Yahoo’s CEO is pregnant with twins, and just like she did in 2012, she plans to take a working two-week-long maternity leave.

Marissa Mayer became the CEO of Yahoo in 2012 when she was 28 weeks pregnant. After giving birth to a baby boy in October of that year, she took two weeks of maternity leave, prompting criticism from women who worried that her decision would reflect badly on working moms who took more time away from the office.

“I like to stay in the rhythm of things,” Mayer had said to Fortune when first announcing her pregnancy. “My maternity leave will be a few weeks long and I’ll work throughout it.”

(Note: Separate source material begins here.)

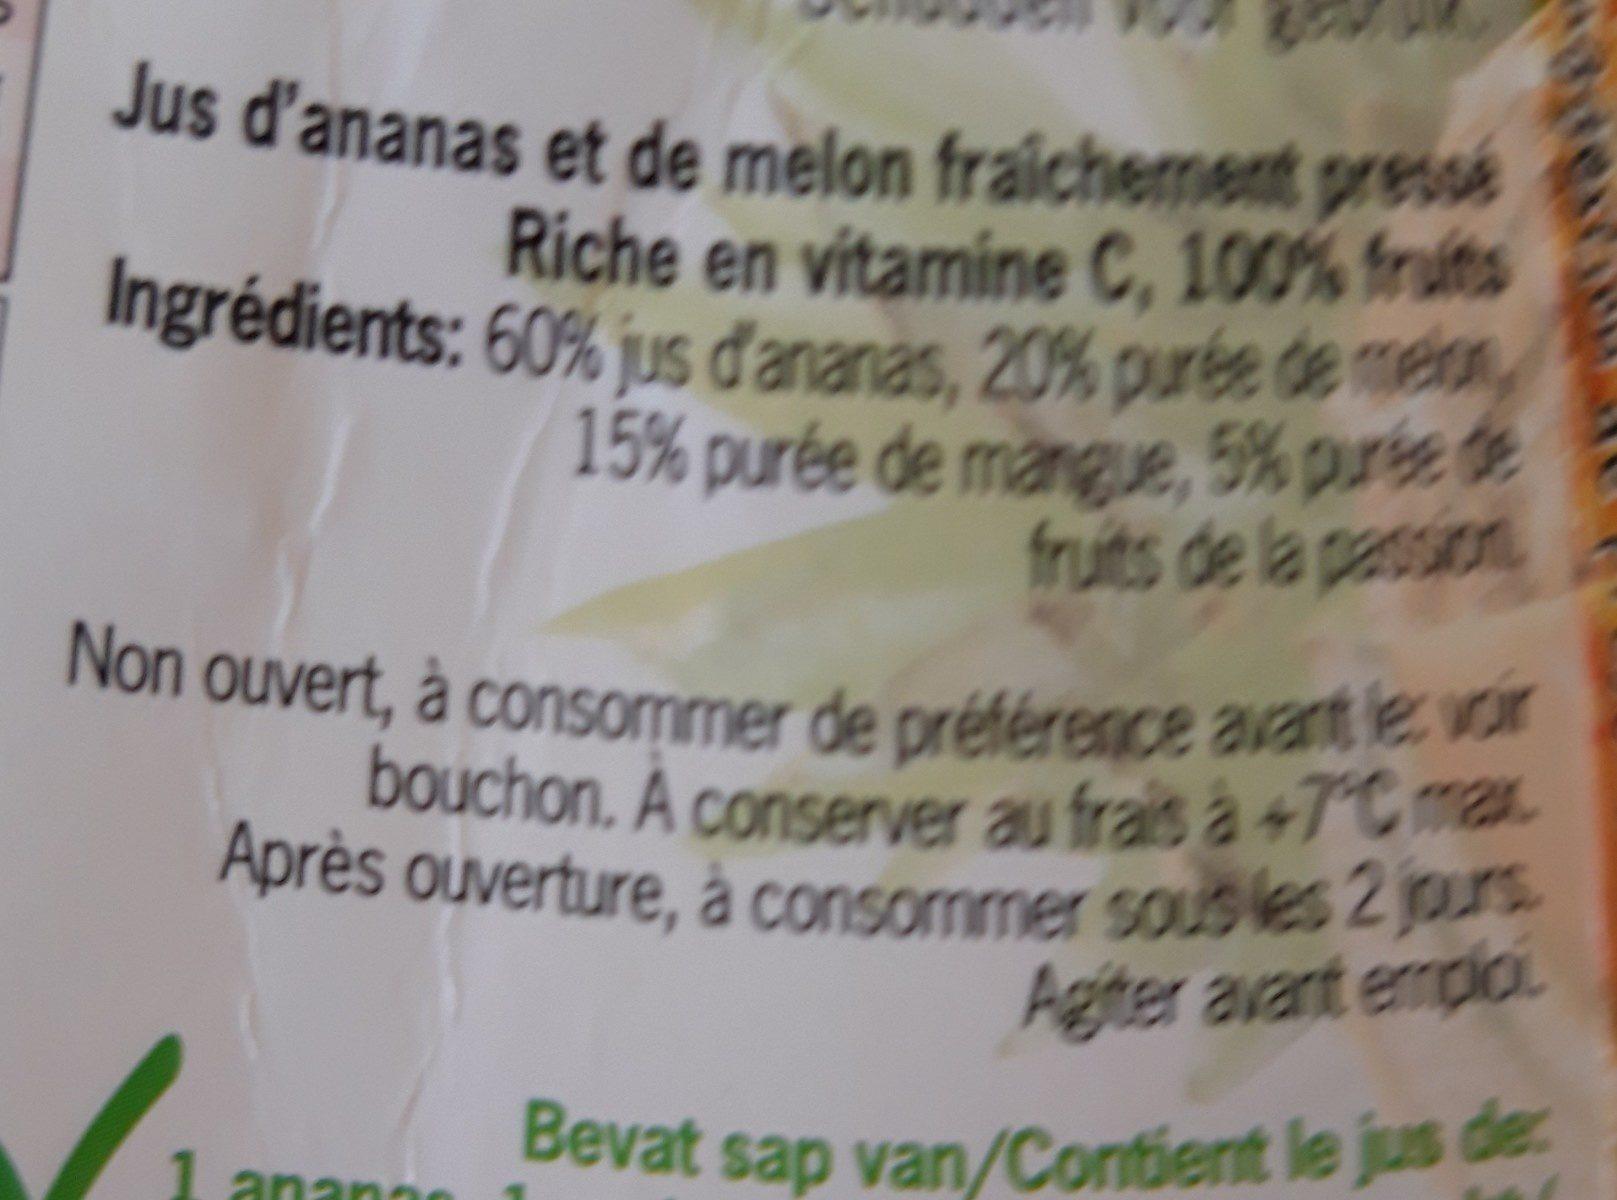 Ananas Meloen Flesje 500 ML (chef Select) Koeling - Ingrédients

But in a blog post written after childbirth for the Lean In movement—which encourages professional women to “pursue their ambitions”—Mayer explained her decision as the byproduct of extreme circumstances surrounding her career shift:

“After 13 years of really hard work at Google, I had been envisioning a glorious six-month maternity leave. However, if I took the new job, a long leave couldn’t happen. The responsibilities were too big, and time was of the essence—it just wouldn’t be fair to the company, the employees, the board, or the shareholders for me to be in the role, but out for an extended period of time.”

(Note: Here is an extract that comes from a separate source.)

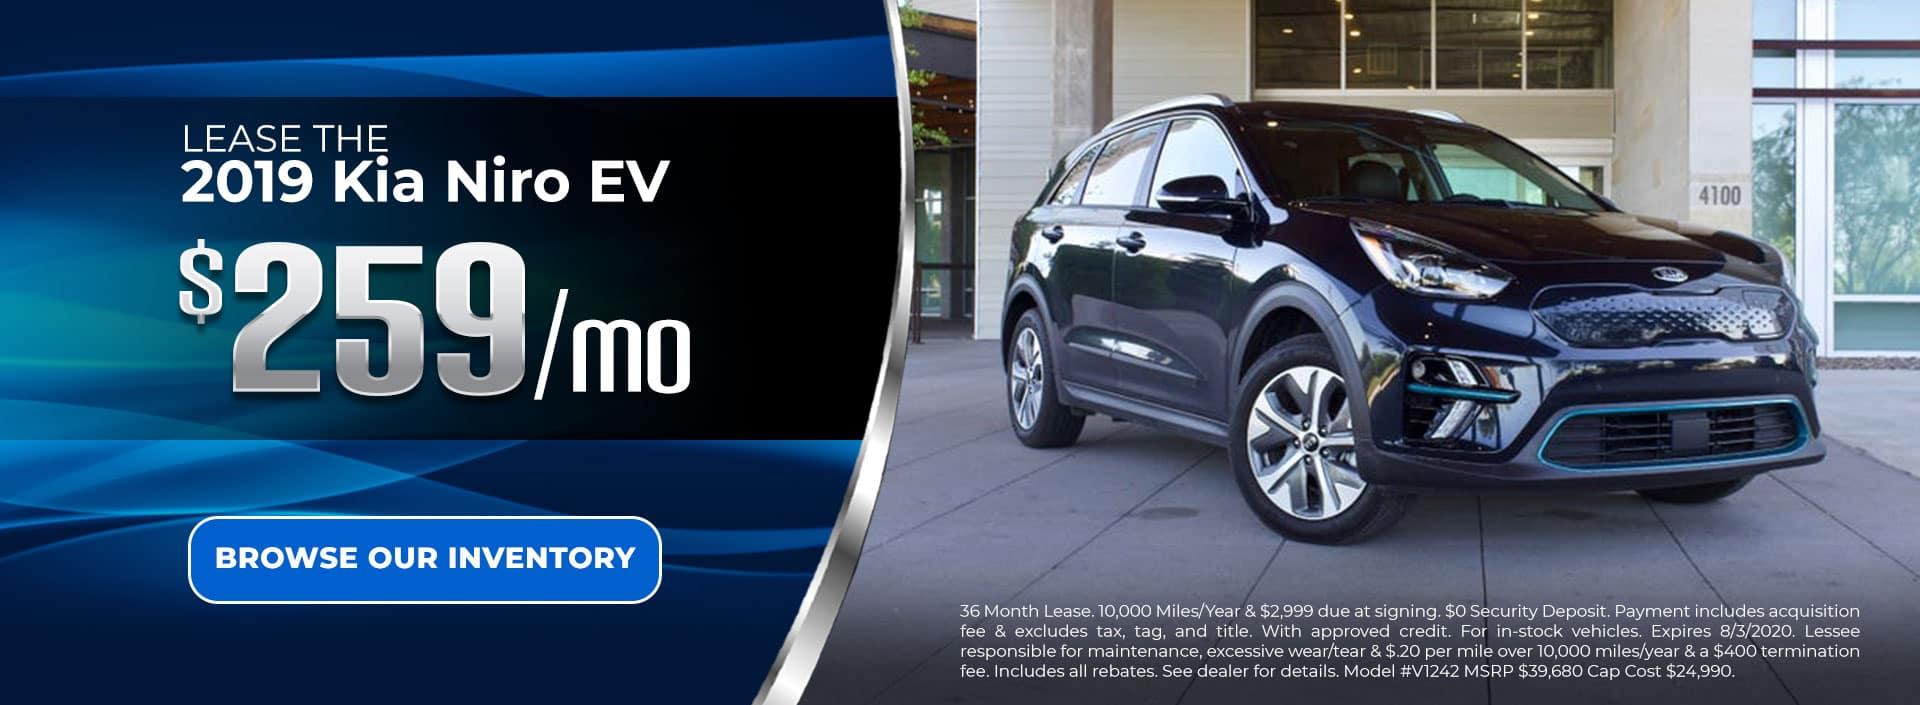 Lease 2019 Niro EV for $259/mo

Two different quotes, two different stories: One in which Mayer portrays herself a busy bee who simply wants to keep working, the other in which she yearns for a luxurious leave but has to sacrifice it for the sake of the job. Which Mayer was telling the truth?

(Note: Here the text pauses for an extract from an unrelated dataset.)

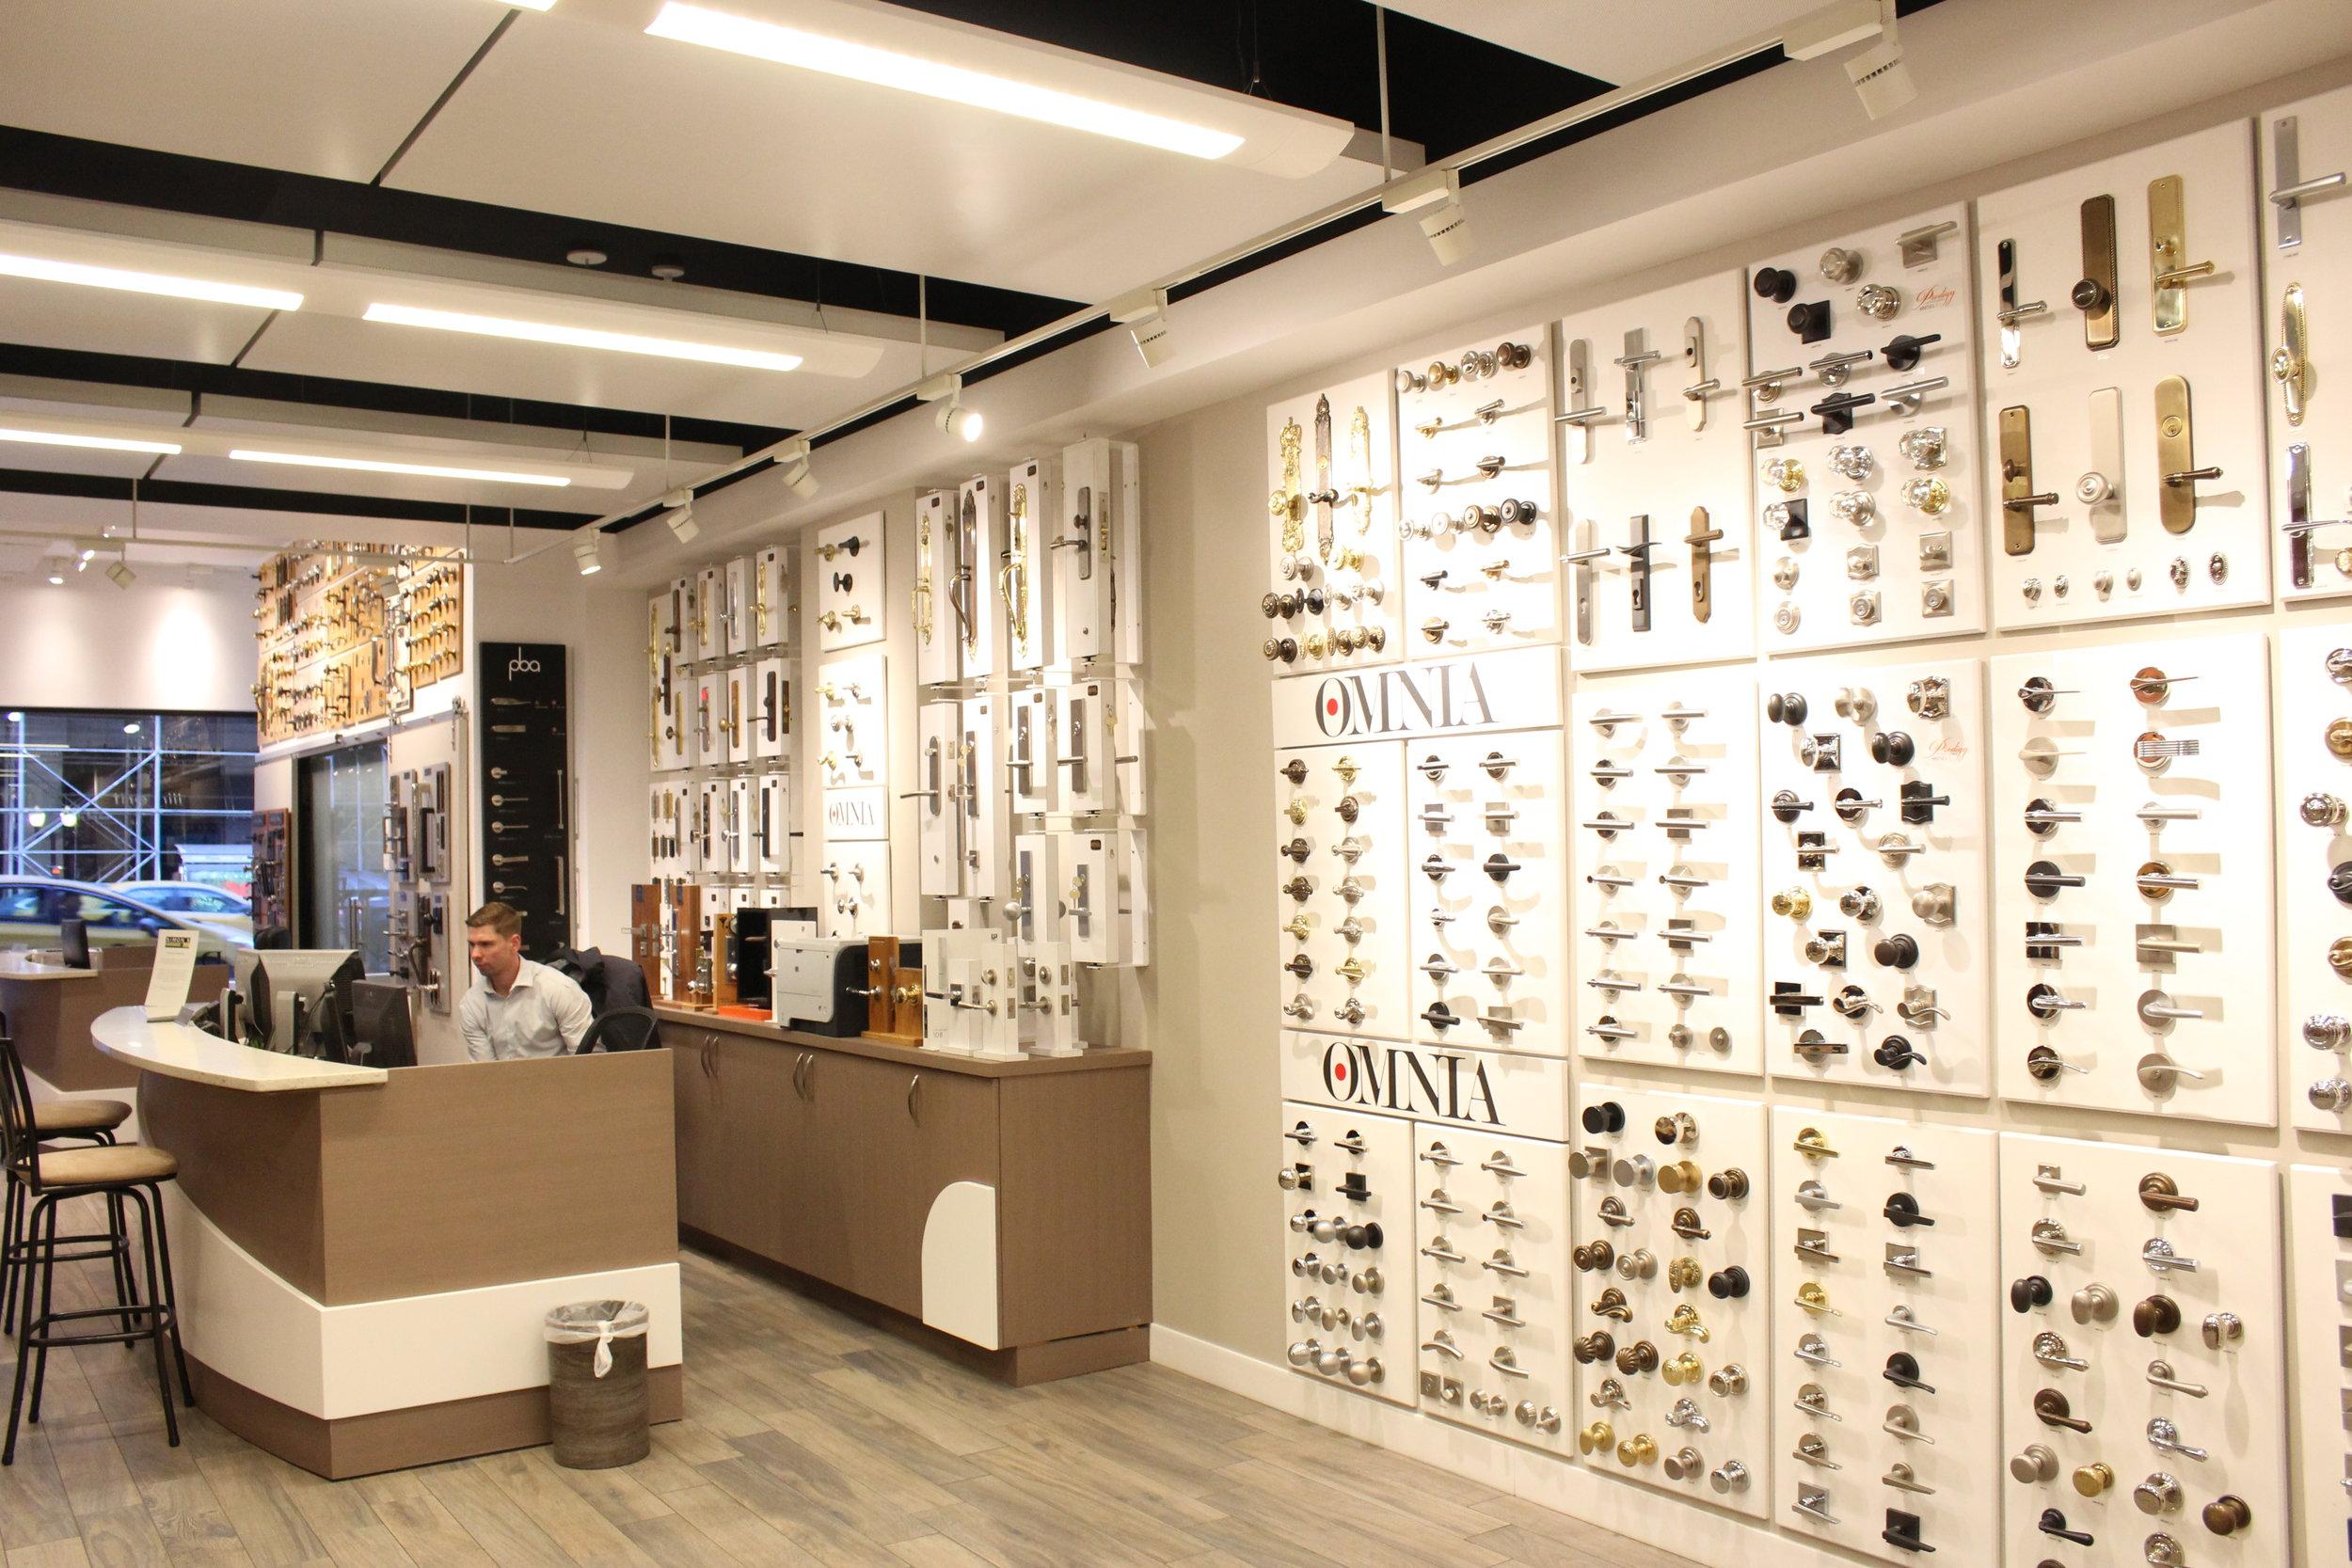 Fantastic 4 Amazing Hardware Shops In New York City Download Free Architecture Designs Scobabritishbridgeorg

We may have just learned the answer.

In a Tuesday Tumblr post announcing that she and her husband, Zachary Bogue, are expecting identical twin girls to arrive in December, Mayer, once again, announced plans to take a brief maternity leave and, once again, cited concerns with the business to explain her decision:

“Since my pregnancy has been healthy and uncomplicated and since this is a unique time in Yahoo’s transformation, I plan to approach the pregnancy and delivery as I did with my son three years ago, taking limited time away and working throughout.”

If Mayer were a mid-level employee who had never made public comments about the struggles facing professional women, her decision to take a truncated maternity leave wouldn’t be worthy of comment in and of itself. Working women can approach their policies however they choose, Mayer included.

 

KamaAina

(78,249 posts)
14. Fundie nutjob? Wiki says she's Lutheran.
Mon Jan 11, 2016, 09:02 PM
Jan 2016

Which, given that she's from Wisconsin, is about as surprising as tomorrow's sunrise.

https://en.wikipedia.org/wiki/Marissa_Mayer#Personal_life

Mayer is Lutheran, but said, referencing Vince Lombardi's "Your God, your family and the Green Bay Packers" quote, her priorities are "God, family and Yahoo, except I'm not that religious, so it's really family and Yahoo."